Seriously, throughout history the motherland (you know to America) and Germany always has the most wackiest and wildest serial killers. Don't get me wrong the old US has had it's fair share of crazies:
  • Green River Killer
  • Jeffrey Dalmer
  • John Wayne Gacy
  • Ed Gein (it rubs the lotion on the skin)
  • The Zodiac Killer

and NO, Charles Manson doesn't count because he was a mass murderer, thank you. Not a Serial Killer (duh). But I digress. England - something about Serial Killers, Cannibals and Prostitutes I mean, really it's a recipe for disaster. See the CNN article here

Ah well, the more I read about crime, the more I'm hoping that micro-organisms take back the earth or that a Supernova sucks us up. Let the bunnies, kittens and puppies inherite the earth cause humans suck.
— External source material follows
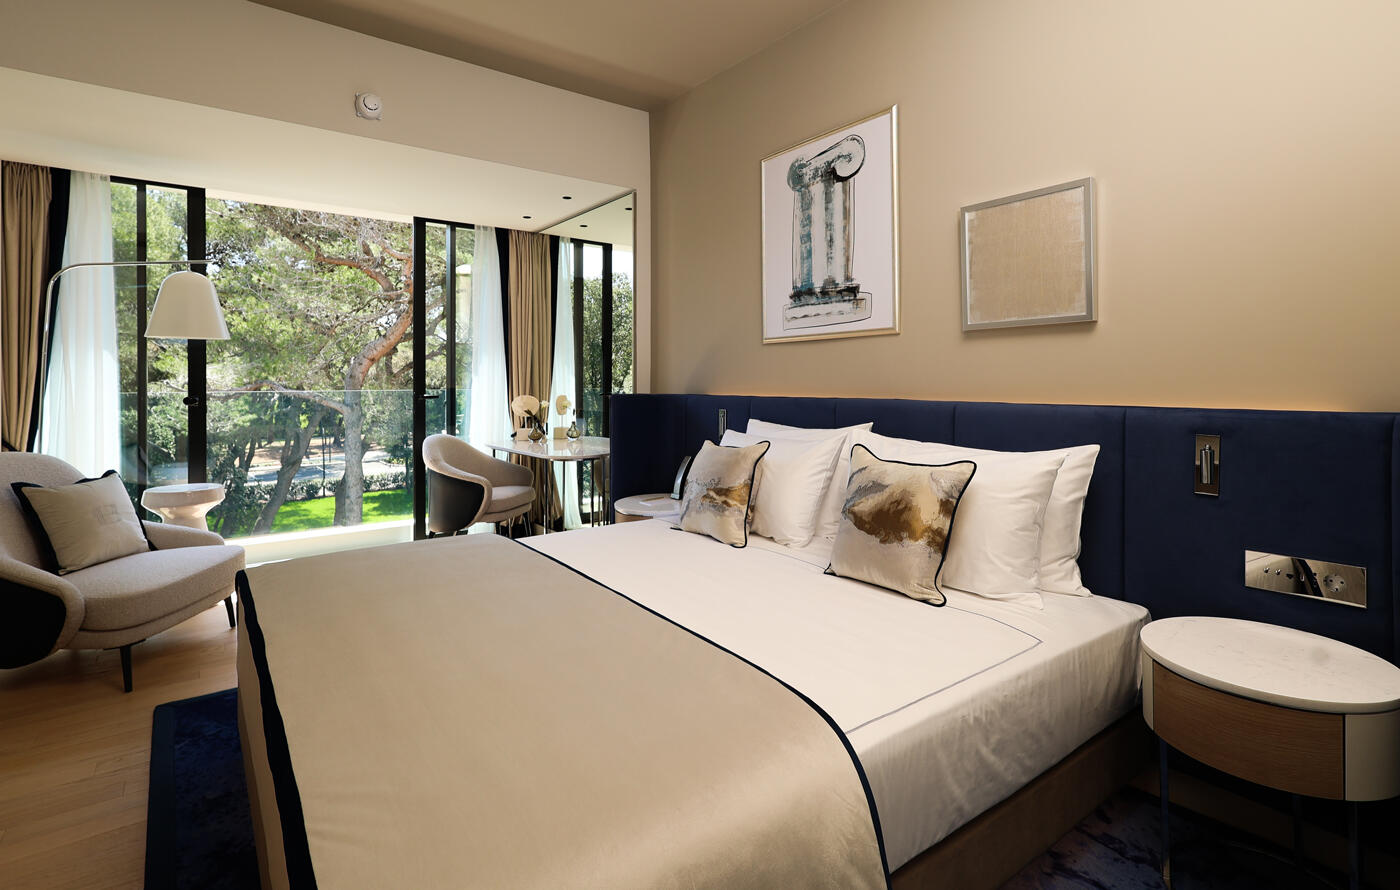 Hotelschlafzimmer mit Doppelbett und beigen Tönen. An der Wand hängen zwei Bilder. Im Hintergrund ist eine offene Terassentüre.

Speaking of sucking... three day weekend. I'll be sure to snag pictures of visual attrocities - because it's the beginning of summer (people get drunk, put on clothes in the dark, drink liquid courage to karioke, it's hot, less clothes, people seem to think they are far hotter than actuality) and there's bound to be bad BAD bad fashion. And I'll be there like the caped crusader waiting to strike (and take picture to blog about) so I can defend the rights and eyes of the masses!

2.27.2009

huh?


I've been meaning to put this up. It's a tumor in a brain. A tumor in the shape of a foot. try to look away. Try! I dare you.


12.16.2008

My Peeps


There was an article on CNN about 1000+ new species found along the Mekong River which spans Southeast Asia - Vietnam, Laos, Thailand, Cambodia. It was a pretty good article and encouraging considering all the other species mankind is killing out. However as I was scanning the images I couldn't help but notice the caption for a Rat type creature that was thought to been extinct for some 11 million years. I mean this is big news! So why did they find the little critter in a food market? Whassup with that? Was he scampering for food or worse... being sold as? I think we all know the truth! Worse part is... he's kinda cute. I hope he lives another 11 million years and surpasses the existance of humans. We can be so cold.